Он потянул меня со всей своей силы, я был безобидным насекомым в его могучих руках и ничего не имел против этого. Ему не составляло труда убить меня, но, к моему удивлению, вместо этого он подхватил меня, поднял и увлек из моей уютной комнаты вдаль по светлому коридору, где мои ноги в мягких тапочках растерянно шуршали по синему линолеуму, а цветы в черных блестящих горшках издавали ароматы, напоминавшие мне о масляных красках на потеющей от страсти коже.
Если бы не его сила, я не сделал бы и десятка шагов. Благословенные таблетки, небесные растворы были восхитительны и безжалостны. Голова моя кружилась и запрокидывалась, горькая слюна заполняла рот, слезы текли из неустанно моргающих глаз, не позволяя мне рассмотреть, чем были тени и вспышки, встреченные мной на пути.

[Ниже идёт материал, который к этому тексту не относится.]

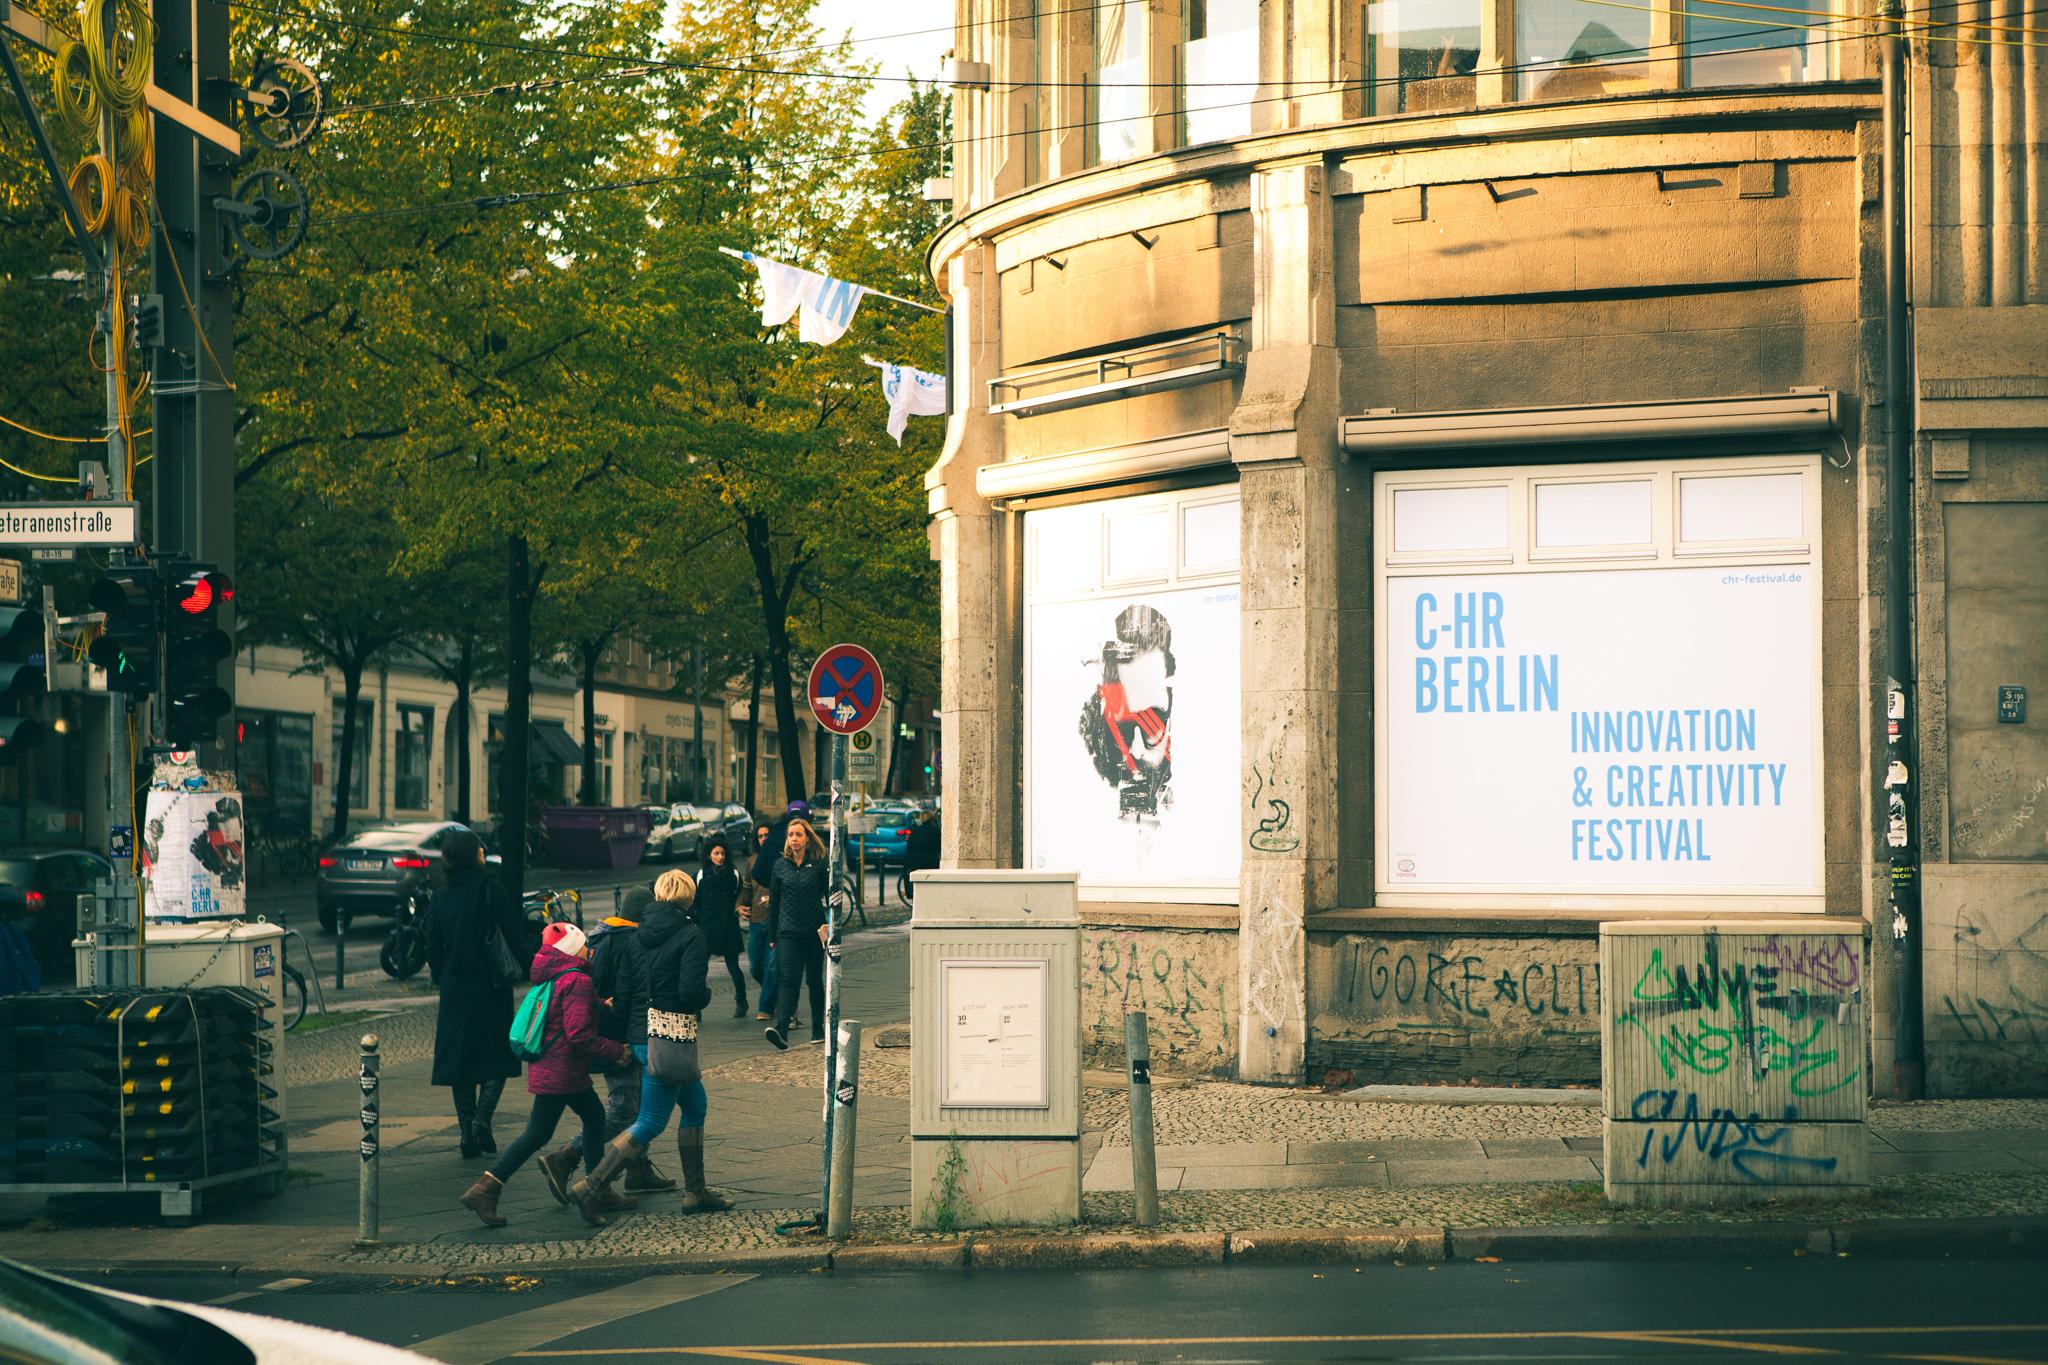 C-HR_BERLIN_Festival-0037.jpg

Я казался самому себе бесплотной нелетающей птицей, подставляющей крошечные крылья попутному ветру, я был голоден и готов к страху, любая встреча с кем бы то ни было представлялась мне катастрофой, должна была закончиться ею, несла в себе плод, зачатый смятением и разрушением. Какими бы глупыми и необоснованными ни выглядели подобные чувства, они оказались верными в моем случае, ведь когда я смог успокоить глаза и смятение, то обнаружил, что старшая моя сестра сидит напротив меня.
Память врывается ко мне от вида ее плоти, ее обнаженных рук и тонкой шеи, я вспоминаю, кто она есть, что мы совершили вместе, какими могли быть наши совместные самоубийства.
Покачивая ногой, сияя лаком высоких каблука и платформы, держа в пальцах левой руки незажженную сигарету, она смотрела на меня тем насмешливым и высокомерным взором, каким обычно наделяла оставивших ее любовников.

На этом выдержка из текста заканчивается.